Lehrer noted that the dirt would be put back as the ore is extracted.
“We all know this is not pit mining, but we want a proper closing,” he said. “We don’t want the site to look like a heavy-industry wasteland. Thousands of visitors walk for hours in the Timna Reserve hills just north.”
Benit and Lehrer voiced concerns over the economics involved in pushing ahead with the mining. The Ahmsa company is heralding the creation of some 400 new jobs for workers and engineers.
“Let’s be honest, there are not several hundred engineers sitting around Eilat and the kibbutzim waiting to be hired,” Benit said, “so people will come from elsewhere to fill the jobs. But the original figure was 700 jobs, and now I hear it is 400.”

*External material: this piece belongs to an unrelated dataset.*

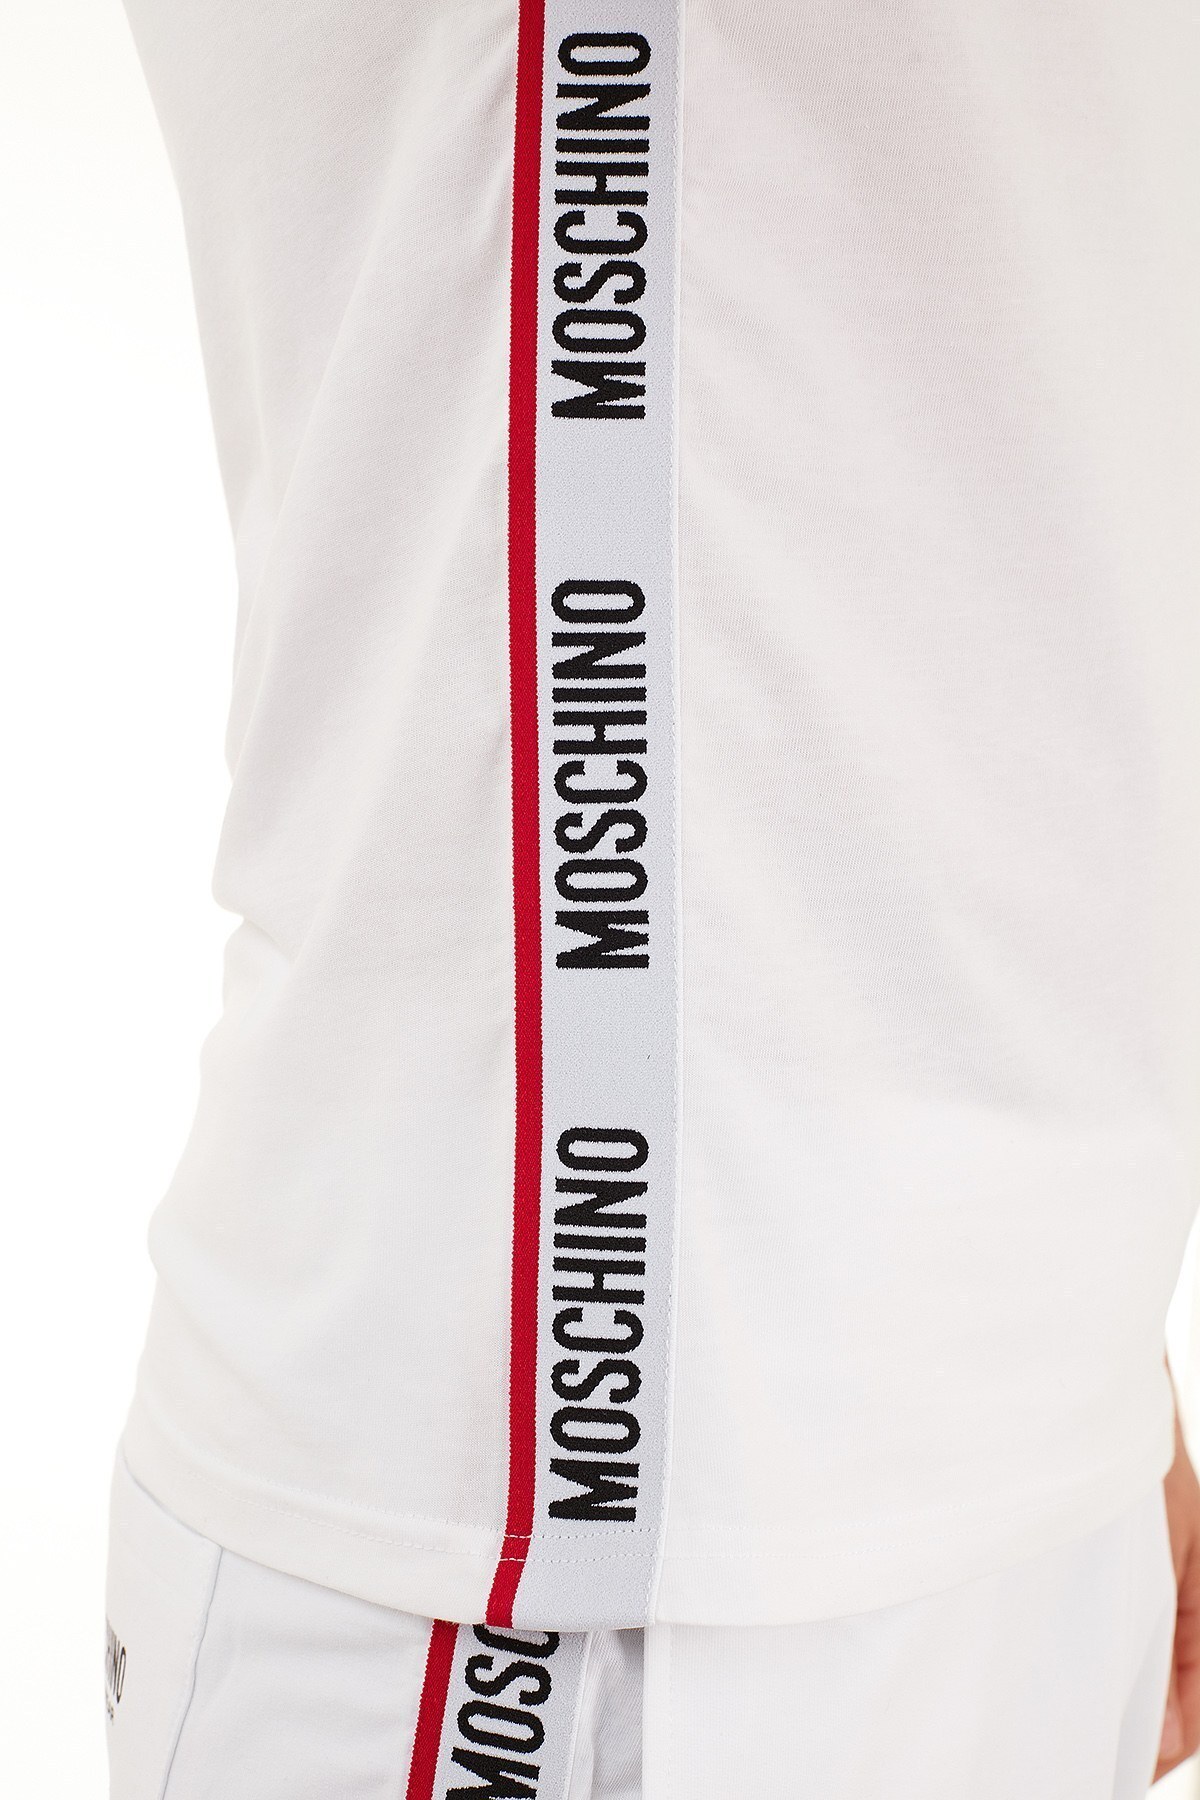 Moschino Logo Bantlı Bisiklet Yaka % 100 Pamuk Erkek T Shirt A1913 8108 0001 BEYAZ

Lehrer said that “when copper prices crash, if the mine suddenly closes, we want there to be a provision in the budget to re-landscape the hills after closing.”
Asa Fishel, a 20-year resident of Kibbutz Grofit, about nine miles north of the mines, said he trusts the regional council people on the environmental side.

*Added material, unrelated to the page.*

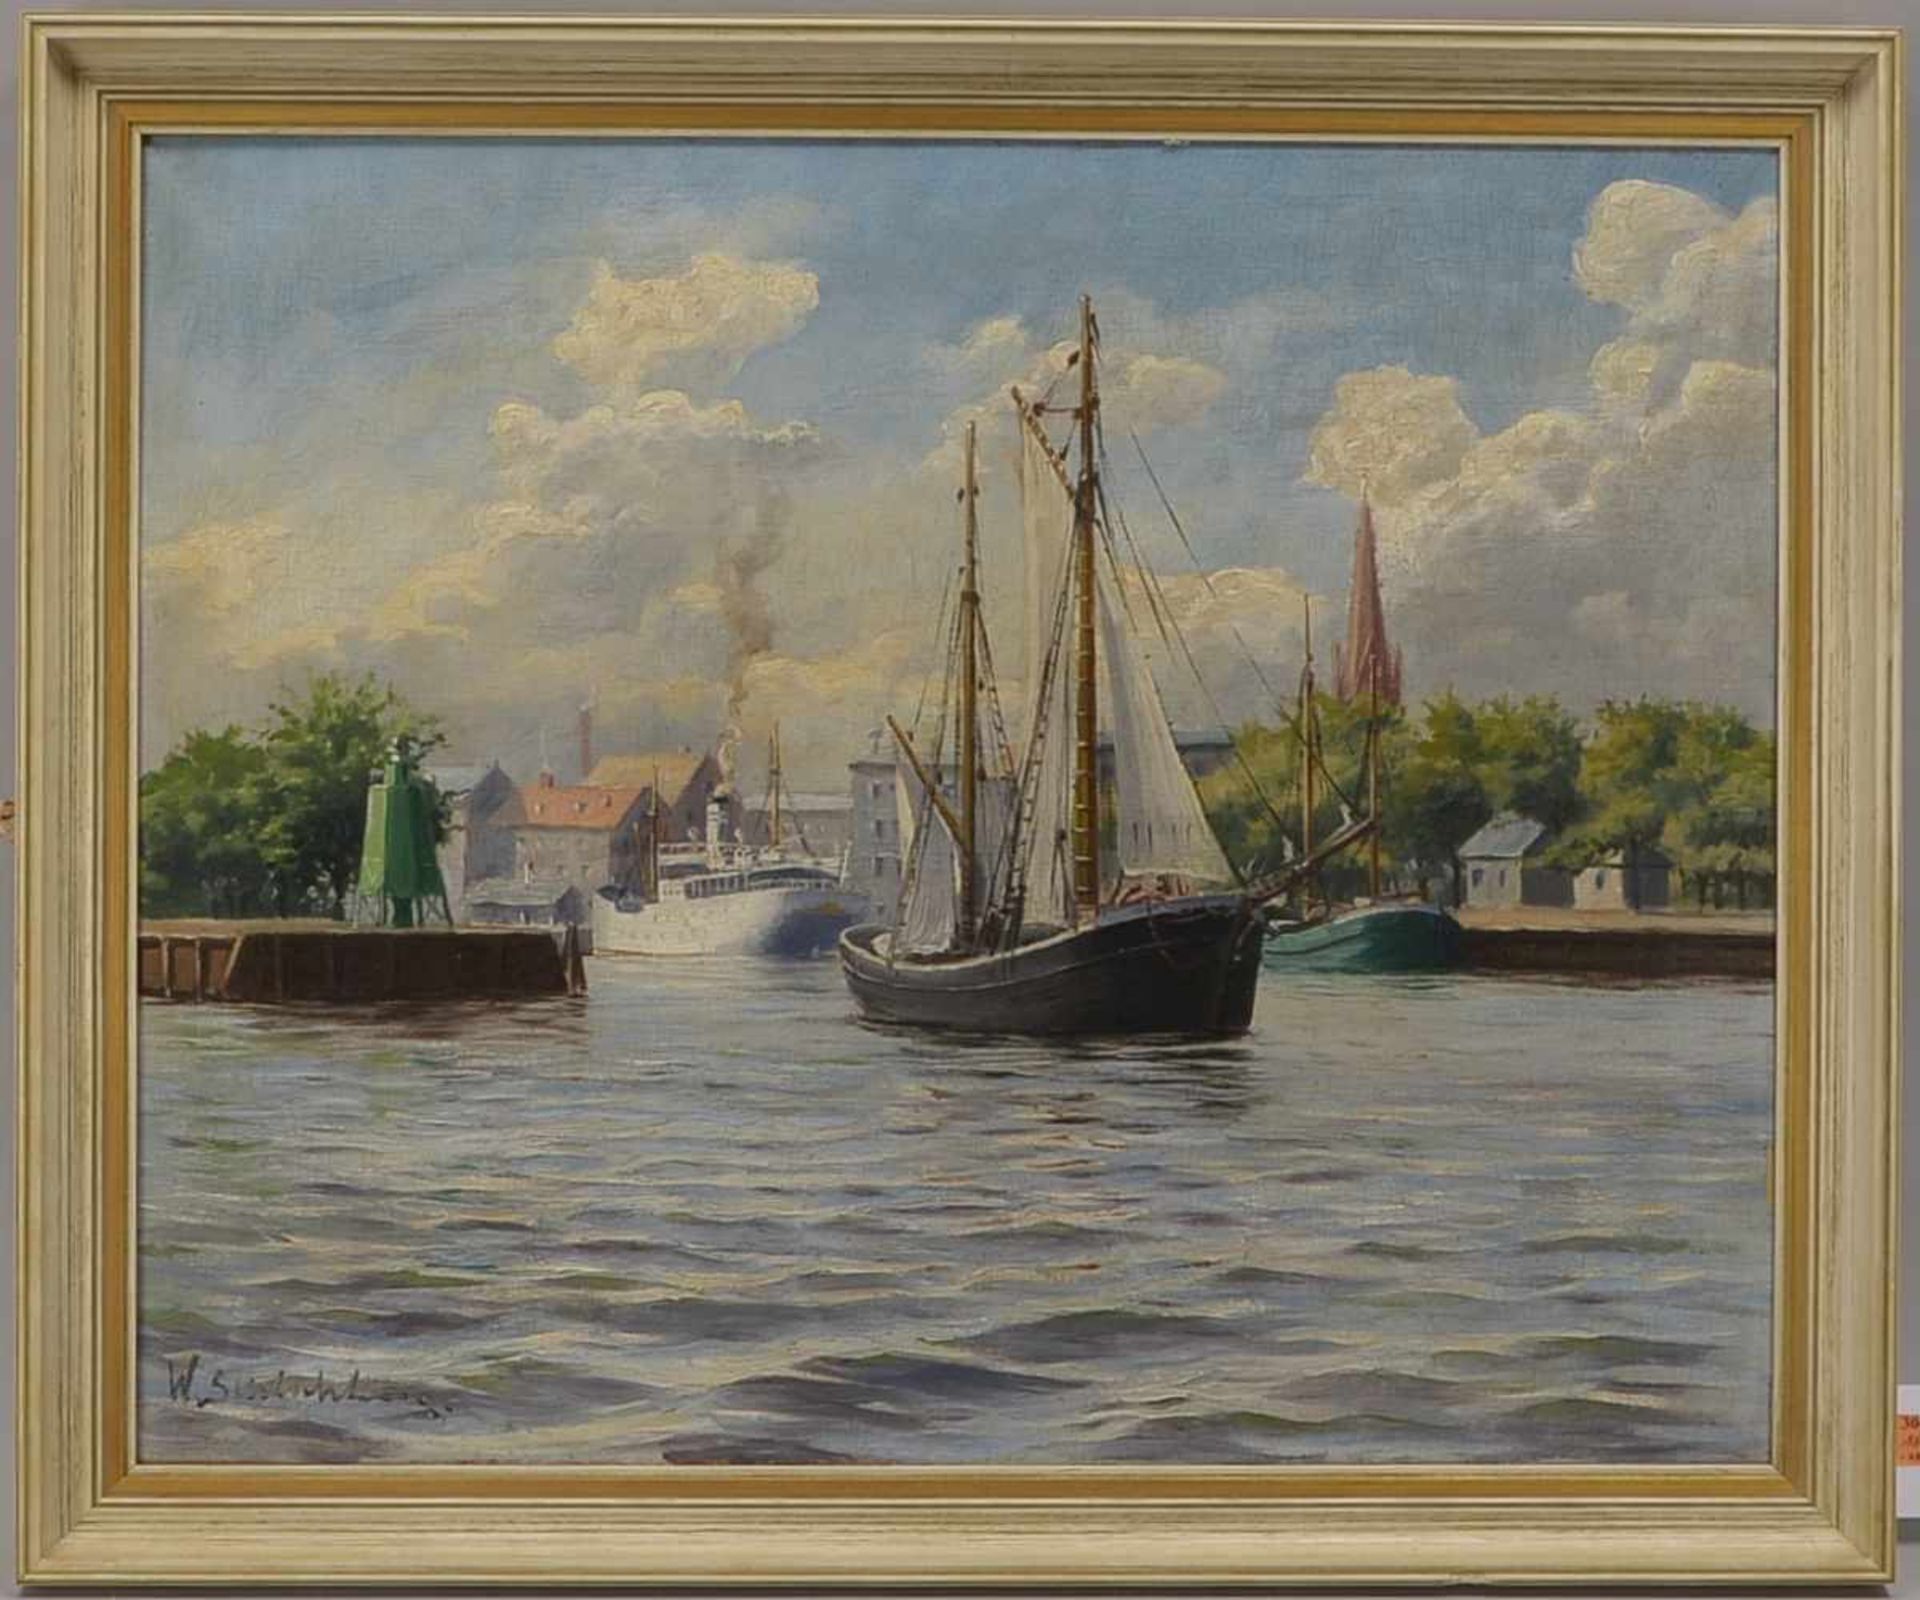 Schlichtig, Waldemar (1896 - 1970), 'Am Hafen', Öl/Lw, unten links signiert; Bildmaße 55 x 68 cm,

“I know Dorit, and she will do what’s best for the region,” Fishel said.
But, he added, once the environmental issues have been addressed, another problem will remian.

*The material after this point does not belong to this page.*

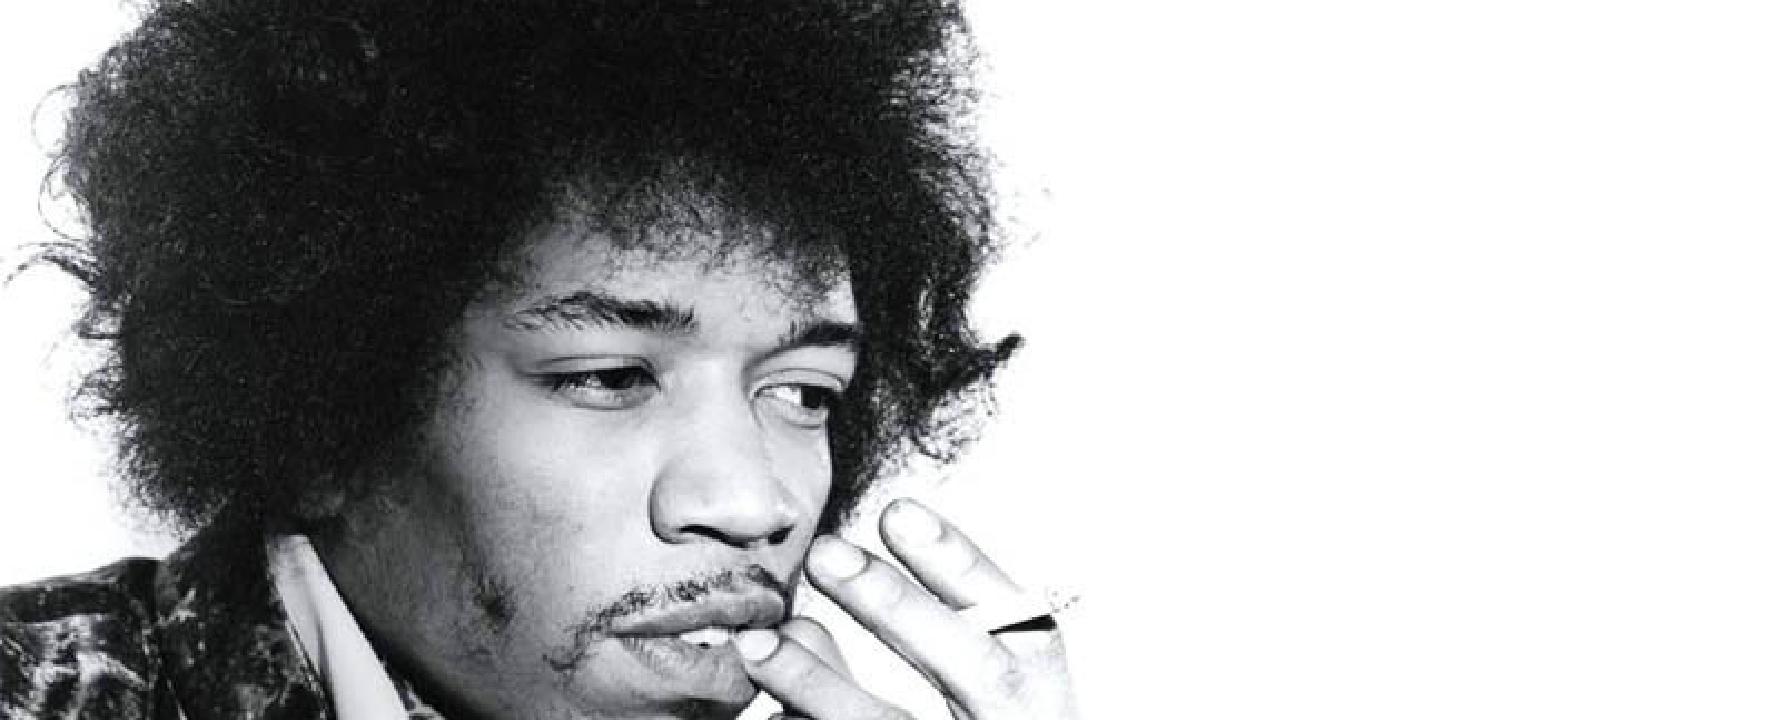 Fotografía promocional de Jimi Hendrix

“Housing is critical in the Arava Valley and even in Eilat,” said Fishel, the acting general secretary of his kibbutz. “The bottom line is that the kibbutzim have built next to nothing beyond limited housing for members for years. People come to me as secretary with housing requests, so I can tell you for sure that there are no available apartments here or on the other kibbutzim in the area during holidays and all summer.”
Fishel added that apartments are available in Eilat, but not 400 of them – not even 100.
“There are hotels, lots of them in Eilat, but at certain times they are full of French tourists and other Europeans,” he said.
“It’s funny, I know we have missed the boat on building housing down here for both visitors and residents, and this situation drives the point home. We simply have not made the necessary investment down here, and once mining engineers are knocking on the doors looking for housing, it may be too late.”